However, despite being “The Chosen One” (at least for now), many have failed to make it big in the industry. With around 92% of them shutting down operations within 3 years, the odds don’t seem to be in their favor. Significantly few SaaS startups evolve into successful SaaS businesses (out of the 20K+ SaaS companies around the globe, just over 1K have entered the unicorn range, and around 50 are decacorn).

To keep a constant check on what’s working for your SaaS and what’s not and have the scope and ample time to enhance your strategies, you need to be well aware of a key SaaS metric – Monthly Recurring Revenue (MRR). It’s the lifeblood of SaaS, a factor your SaaS will live or die by. And to have a steady SaaS growth curve, you need to keep tabs on your MRR and constantly look for ways to amplify it.

Before we dive into the core topic, let’s start with the basics of MRR.

Understanding MRR for SaaS

To put it simply, it’s a number that helps you summarize all the revenue you receive from your paying customers or the monthly recurring payment your SaaS business earns from subscriptions, a metric that is a crucial KPI for subscription-based companies. 

MRR = {[New business subscriptions + Upgrades (or expansion)] – [Downgrades (or contractions) + Cancelled subscriptions]} * Average billed amount

MRR can be classified further into New MRR, Expansion MRR, Reactivation MRR, Contraction MRR, and Churned MRR, and they can be as important as their parent term. 

A side note: You should always track these MRR separately. They can help you understand your company’s overall growth, whether there was an increase or decrease in the revenue. They ultimately help you define a roadmap to rectify any growth issues beforehand.

But Why Do You Need to Calculate MRR?

Understanding your MRR can help you gain valuable insights into your business and draw revenue-building conclusions.
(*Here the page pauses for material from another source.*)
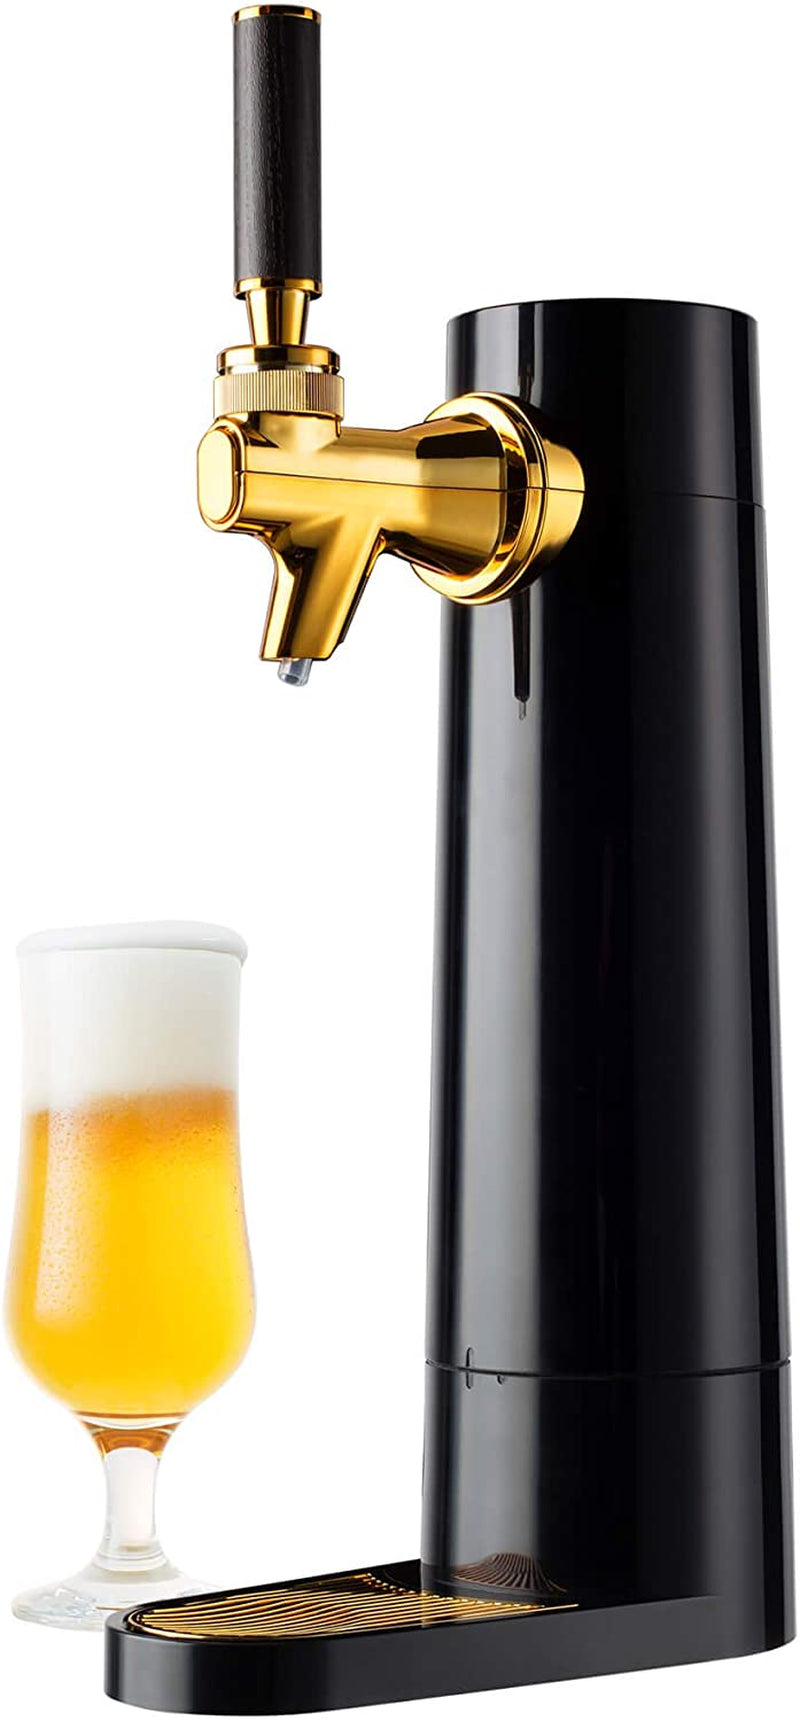 GREEN HOUSE Bottled Beer Foam Maker - Awesome Compact Gift for Beer Lover. Basic Bottled Beer into a Delicious and Perfect Tasty Beer with Ultra Fine Foam.

A large part of MRR is consistent (for some companies) and predictable, so with an accurate MRR, you can:

  • Identify critical areas for growth
  • Estimate where you’ll be in a couple of months or EoY
  • Plan your business strategies accordingly (if your numbers are receding, you can jot down and implement strategies to up your game)
  • Calculate growth rates and predict the future value of a customer through Customer Lifetime Value (LTV) 
  • Evaluate trends in the Average Selling Price (ASP)
  • Make a marketing budget responsibly
  • Identify any UX issues if the MRR growth is negative
  • Double down on what’s working for your business and get more out of it

Calculating MRR for SaaS

For SaaS, there are two ways you can assess your business’ Monthly Recurring Revenue: The customer by customer method and the Average Revenue Per Account/ User.

Calculating MRR using the Customer-by-Customer method

This method requires you to add up the monthly fee paid by each customer.

For instance, if Customer A is paying $300, Customer B is paying $200, and Customer C is paying $100 per month, your recurring revenue would be $600. The one problem with this method is that it’s time-consuming, and as your customer base increases and if your SaaS has different pricing plans, it will be quite a task for you to calculate the MRR.

Calculating MRR using the ARPA method

This is a more straightforward and preferable alternative to the customer by customer MRR method. For this, all you need to know is the total number of paying customers and the average amount each customer is paying each month.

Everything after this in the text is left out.